I have been gradually improving my data wrangling tool, Easy Data Transform, putting out 70 public releases since 2019. While the product’s emphasis is on ease of use, rather than pure performance, I have been trying to make it fast as well, so it can cope with the multi-million row datasets customers like to throw at it. To see how I was doing, I did a simple benchmark of the most recent version of Easy Data Transform (v1.37.0) against several other desktop data wrangling tools. The benchmark did a read, sort, join and write of a 1 million row CSV file. I did the benchmarking on my Windows development PC and my Mac M1 laptop.
Here is an overview of the results:
Time by task (seconds), on Windows without Power Query (smaller is better):
I have left Excel Power Query off this graph, as it is so slow you can hardly see the other bars when it is included!

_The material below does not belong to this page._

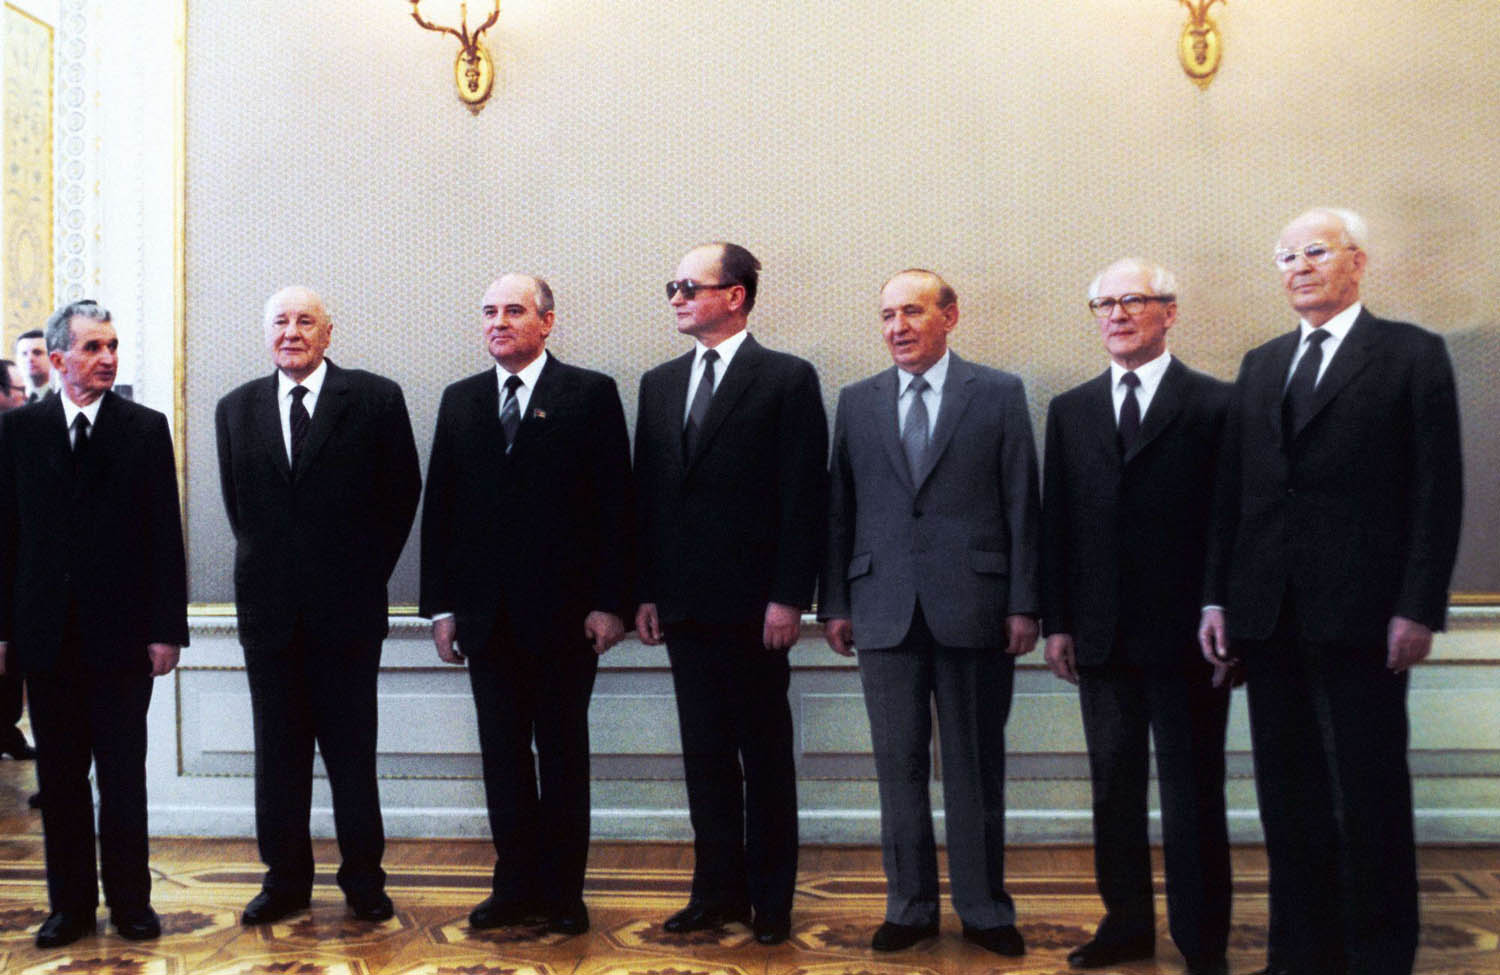 جيفكوف في لقطة تاريخية مع غورباتشوف وزعماء حلف وارسو في آخر أيامه

Time by task (seconds) on Mac (smaller is better):
Memory usage (MB), Windows vs Mac (smaller is better):
So Easy Data Transform is nearly as fast as it’s nearest competitor, Knime, on Windows and a fair bit faster on an M1 Mac. It is also uses a lot less memory than Knime. However we have got some way to go to catch up with the Pandas library for Python and the data.table package for R, when it comes to raw performance. Hopefully I can get nearer to their performance in time. I was forbidden from including benchmarks for Tableau Prep and Alteryx by their licensing terms, which seems unnecessarily restrictive.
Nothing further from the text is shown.